I was thinking that Oracle’s claims in Oracle v Google were bottoming out at a few tens of $millions. It turns out to be worse than that. In the pre-trial meeting, Google made a reasonable offer that amounts to just a few $million to settle damages for the patent-violations if any.
“The ’104 patent currently stands rejected bythe PTO, and will expire on December 22, 2012. The ’520 patent is worth very little—only $80,000 through 2011 according to Dr. Kearl before adjusting for failure to mark and non-accused devices, and $50,000 according to Dr.
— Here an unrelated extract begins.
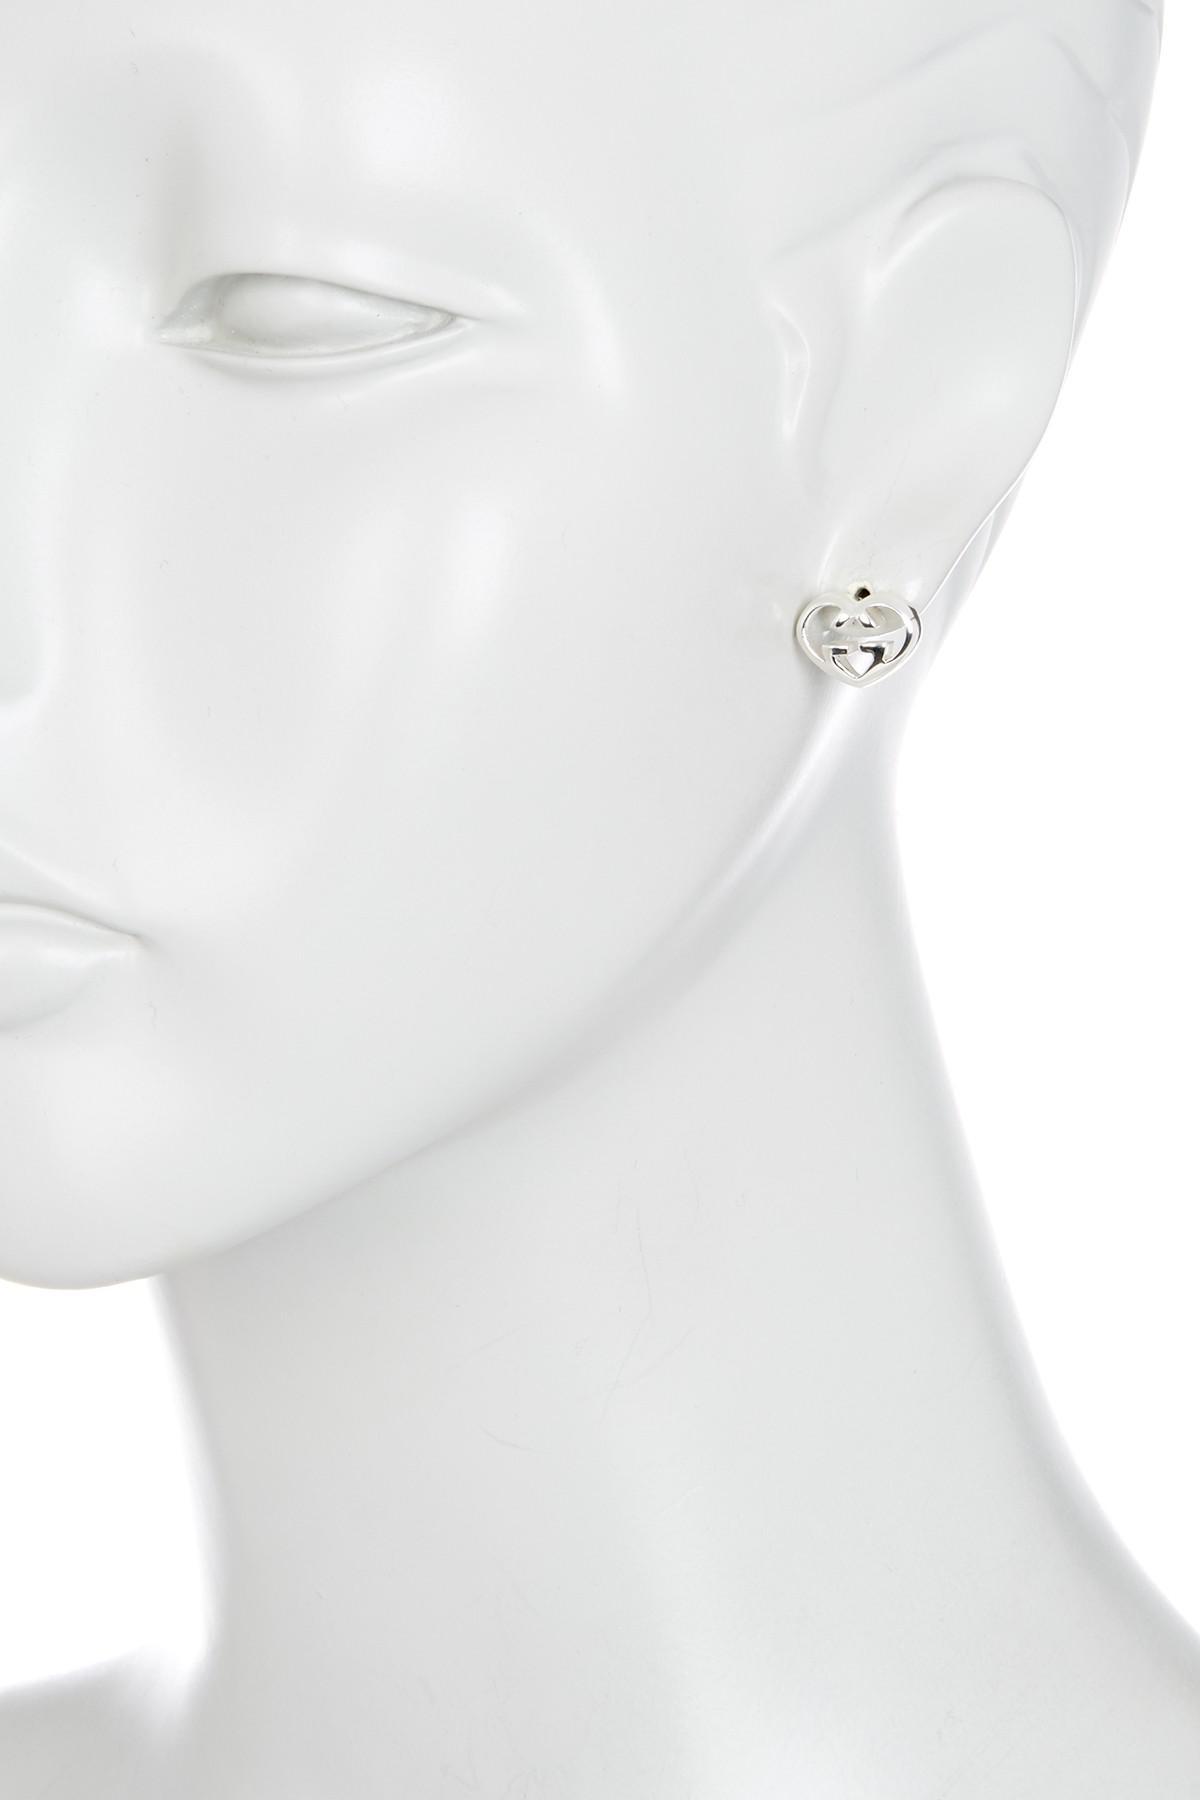 36b6e191b75 Lyst Gucci Sterling Silver Love Heart Stud Earrings In Metallic

Cockburn after those adjustments—and Oracle’sown engineers ranked that patent in the middle of the pack of 569 Java-related patents owned byOracle.”
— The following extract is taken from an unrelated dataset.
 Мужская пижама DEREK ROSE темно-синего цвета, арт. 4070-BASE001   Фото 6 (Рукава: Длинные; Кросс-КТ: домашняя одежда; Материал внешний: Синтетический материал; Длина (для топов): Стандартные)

What’s that amount to, half a day in court?
“Google proposes that the parties waive their rights to a jury trial. Because there are only two patents remaining in the case, and because Oracle’s expert believes that a reasonable royalty for those patents is only $4.15 million, the primary issues remaining in the case involve the copyrightability of the Java API specifications, fair use, and Google’s equitable defenses. As indicated in the recent copyright briefing, both parties agree that copyrightability and Google’s equitable defenses are questions for the Court, not a jury. Because these issues are for the Court, Google is willing to waive its right to a jury trial in order to avoid unnecessarily burdening jurors with sitting through a lengthy trial in which they will not be responsible for deciding the most important questions. A bench trial would also save time for the Court.”
I guess Oracle is hoping it can somehow snow the jury…
Oracle, sticking to what little claim it has left, declines the offer and is going for broke. Broke it will be then.
I expect Judge Alsup will give the two sides another fatherly talk and suggest they shake hands and skip the trial. There’s just so little left in it for Oracle. The trial will be an embarrassment of foolish spending to advertise foolish management’s delusions of grandeur.